L'apport de l'intelligence artificielle
« Nous avons examiné ces échantillons sous un microscope particulier, en appliquant une technique innovante appelée imagerie à super-résolution, combinée à une analyse informatique avancée », explique Ofir Sade. « Cela nous a permis de cartographier les agrégats et la distribution des molécules d'alpha-synucléine. Comme prévu, nous avons trouvé plus d'agrégats de protéines chez les personnes atteintes de la maladie de Parkinson que chez les personnes non atteintes de la maladie. Nous avons également identifié des lésions des cellules nerveuses de la peau, dans des zones où la protéine pathologique est fortement concentrée ».
Forts de cette réalisation expérimentale préliminaire (« preuve de concept »), les chercheurs prévoient désormais d'étendre leurs travaux, soutenus par la Fondation Michael J. Fox pour la recherche sur la maladie de Parkinson. Dans la prochaine phase, ils augmenteront le nombre d'échantillons à 90, 45 provenant de sujets sains et 45 de personnes atteintes de la maladie, pour identifier les différences entre les deux groupes. « Nous souhaitons déterminer le point exact où une quantité normale de protéines se transforme en un agrégat pathologique », précise Ofir Sade. « De plus, nous collaborerons avec le Prof.
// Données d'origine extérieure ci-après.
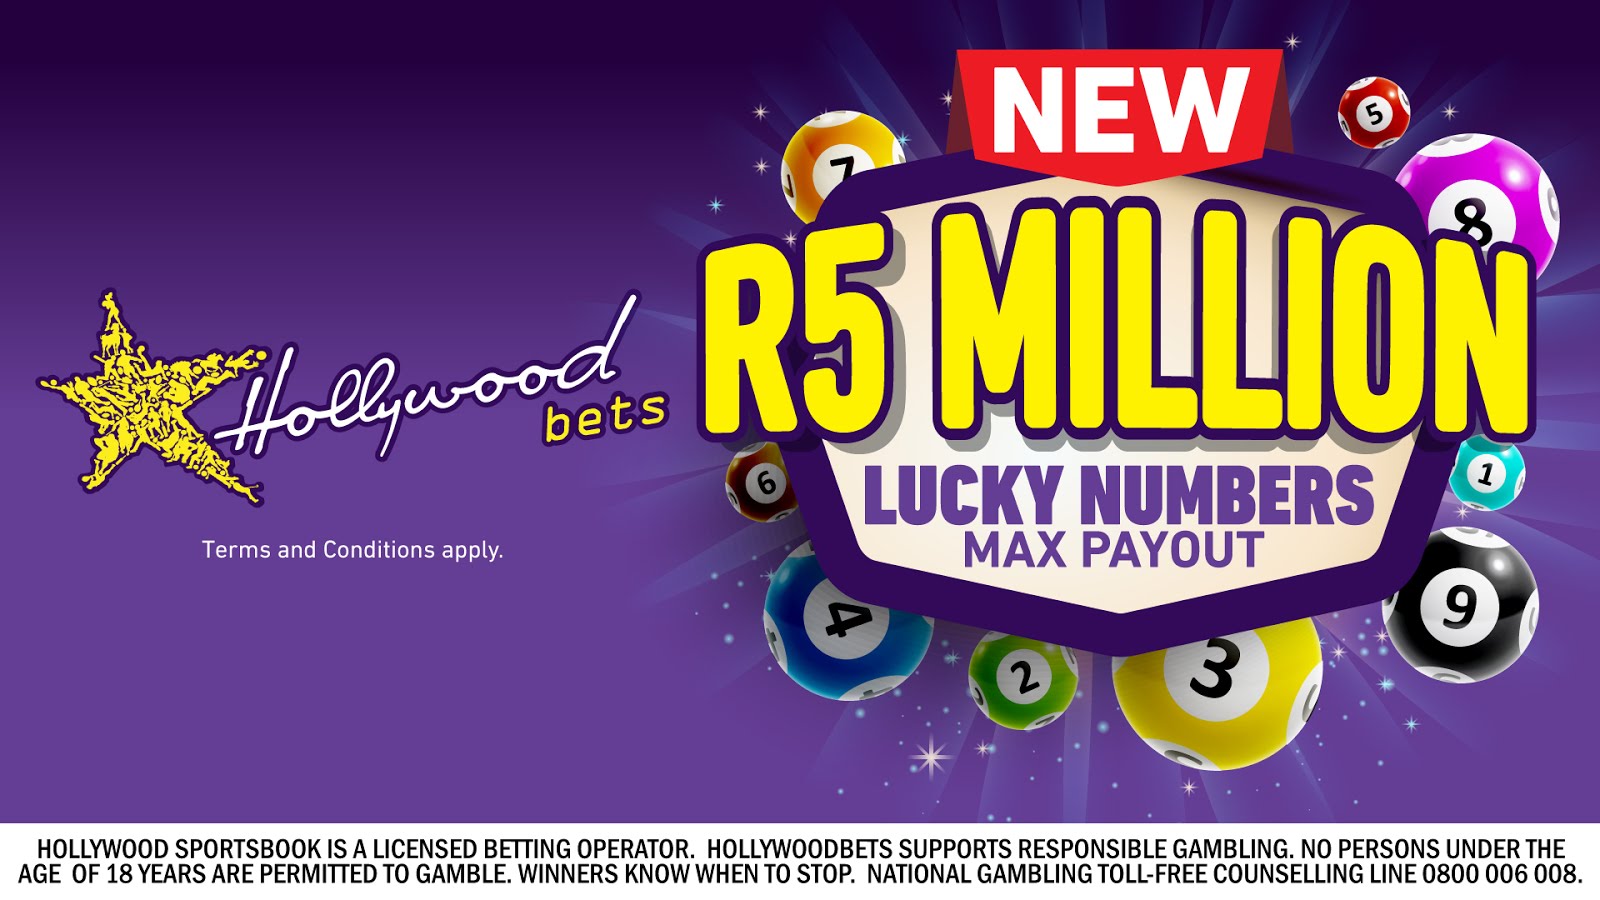 Lucky Numbers Max Payout now R5 Million at Hollywoodbets! Terms and Conditions Apply

Lior Wolf de l'École d'informatique de l'Université de Tel-Aviv, pour développer un algorithme d'apprentissage automatique qui identifiera les corrélations entre les résultats des tests moteurs et cognitifs et nos observations au microscope. Grâce à cet algorithme, nous serons en mesure de prévoir l'évolution future et la gravité de diverses pathologies ». « Dans cette étude, nous avons identifié des différences entre les tissus prélevés sur des personnes atteintes de la maladie de Parkinson et des personnes non atteintes, en utilisant la microscopie à super-résolution et l'analyse informatique », résume le Prof. Ashery. « Dans les études ultérieures, nous augmenterons le nombre d'échantillons et développerons un algorithme d'apprentissage automatique pour repérer les individus relativement jeunes présentant des risques de développer la maladie. Notre principale population cible est constituée des proches de patients atteints de la maladie de Parkinson porteurs de mutations qui augmentent le risque de contracter la maladie. Plus précisément, nous mettons l'accent sur deux mutations connues pour être répandues chez les Juifs ashkénazes. Un essai clinique est déjà en cours pour tester un médicament qui devrait entraver la formation des agrégats qui causent la maladie de Parkinson. Nous espérons que dans les années à venir, il sera possible de proposer des traitements préventifs en suivant les effets des médicaments au microscope. Il est important de noter que la méthode que nous avons développée peut également être adaptée au diagnostic précoce d'autres maladies neurodégénératives associées à des agrégats de protéines dans les neurones, notamment la maladie d'Alzheimer ».